# 10. Data acquisition

Data science projects typically start with the acquisition of data. In many cases, such data sets consist of secondary data made available on the web by commercial or non-commercial organisations. This part of the tutorial explains how you can obtain such online data sets.

In this tutorial, we distinguish three methods of data acquisition: downloading data files, accessing data through APIs and webscraping. You usually choose one of these methods to acquire your data, based on what the data provider offers.

## Direct downloads

If the resources that you are interested in are available directly via the web, you can download these files by making use of the [`requests`](https://requests.readthedocs.io/) library. As is the case for all libraries, the `requests` library needs to be imported before you can use it. 

In [None]:
import requests

The `requests` library can be used to make requests according to the Hypertext Transfer Protocol (HTTP), which was developed to enable the exchange of information across computers. The computer that can provide information is typically referred to as a server, and the computer that requests information from this server is referred to as a client. In the HTTP protocol, the GET method is used to request data from a specified server. 
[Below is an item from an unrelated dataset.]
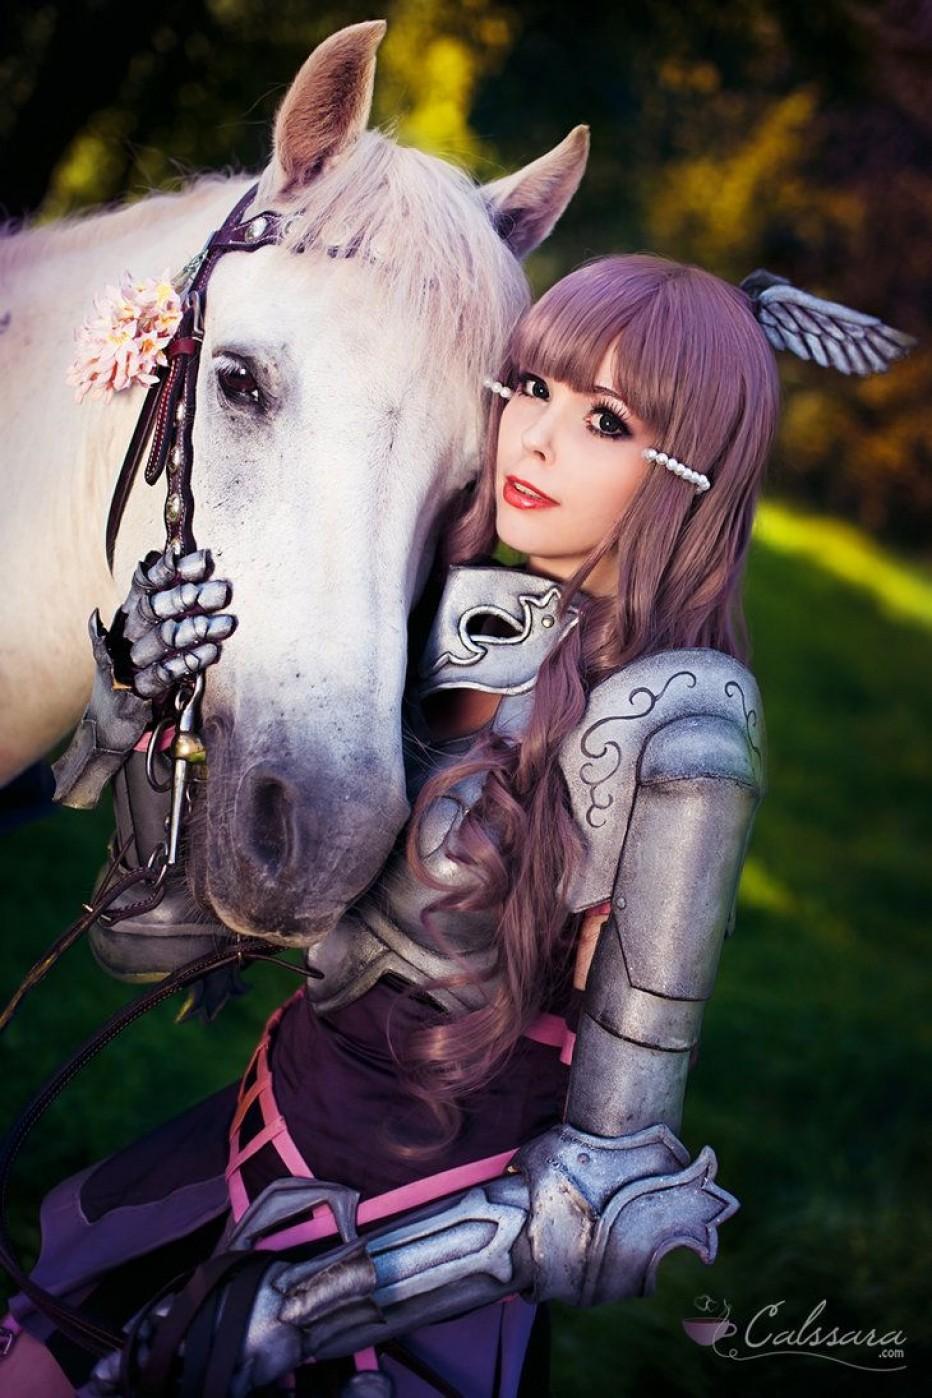 Fire-Emblem-Awakening-Sumia-Cosplay-Gamers-Heroes-6.jpg

In Python, such a GET request can be sent to a server using the `get()` method in `requests`, as demonstrated below. Evidently, it is important that you are online when you run this code.

In [None]:
response = requests.get( 'https://www.universiteitleiden.nl')

This method returns a so-called `Response` object. It is an object which represents information about the downloaded web resource. In the example above, the result of the method is assigned to a variable named `response`.

Once this `Response` object has been created successfully, you can use various pieces of information about the resource that was downloaded.
The property `status_code`, for instance, indicates the HTTP status code that was returned by the server.
The status code 200 indicates that the request was successful and the infamous status code 404 indicates that the file was not found.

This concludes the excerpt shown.